Public protests are on-going at Beijing after the recent crackdown of 76% of China’s Peer-to-Peer (P2P) lending platforms, wiping out an estimated $217.96 billion funds from its investors. What started out as a promising venture, with its peak period on 2015, came crashing down due to funding outflows and stricter regulations.
According to CNN, the Chinese government is already conducting an investigation to more than 218 P2P lenders who shut down. Several suspects are already detained but some are still missing.15
Peer-to-peer lending became famous after the stricter policies of bank credit back in 2010. Many are hooked by the P2P’s guarantee returns of 10 percent or more, but it’s basically an empty promise. Some are just using this tactic to embezzle money since P2P is closely watched by the Chinese government.
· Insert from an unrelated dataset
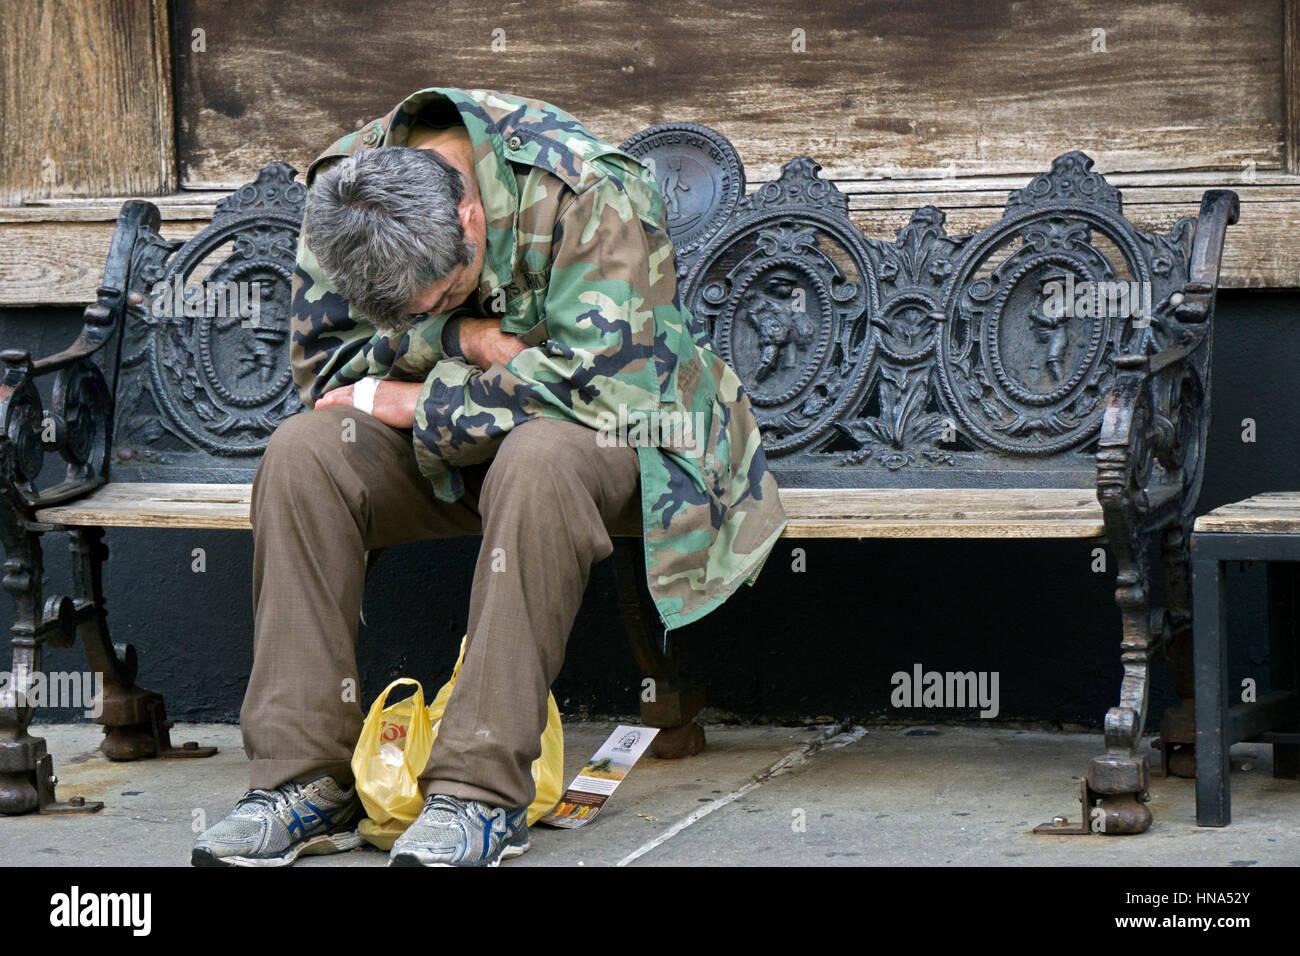 Un hombre de mediana edad anónimo - posiblemente un veterano - sentado con angustia el lenguaje corporal en Imagen De Stock

Given this situation, the Chinese government is seeking to increase control over P2P as the scheme ballooned into a trillion-dollar business.
Decline of P2P
The continuous fall of P2P lending platforms caused panic amongst the investors. In an article published by Lending Times, there are three major reasons why the P2P declined. One can be attributed to sudden pullouts from its investors; two, the increasing costs of compliance and finally, the stricter credit environment. Fraud is another issue, with numerous websites attracting investors only to find out weeks later that the owner ran away with all the funds.
‘Financial Refugees’
Now, people who invested all their money and savings are left devastated and some even committed suicide. There are a lot of people still hoping to get back the money they’ve invested but protesting won’t do a thing. Police and authorities are taking an action. According to Reuters, authorities have collected blood samples and fingerprints of possible protesters and prevent these people from travelling to Beijing.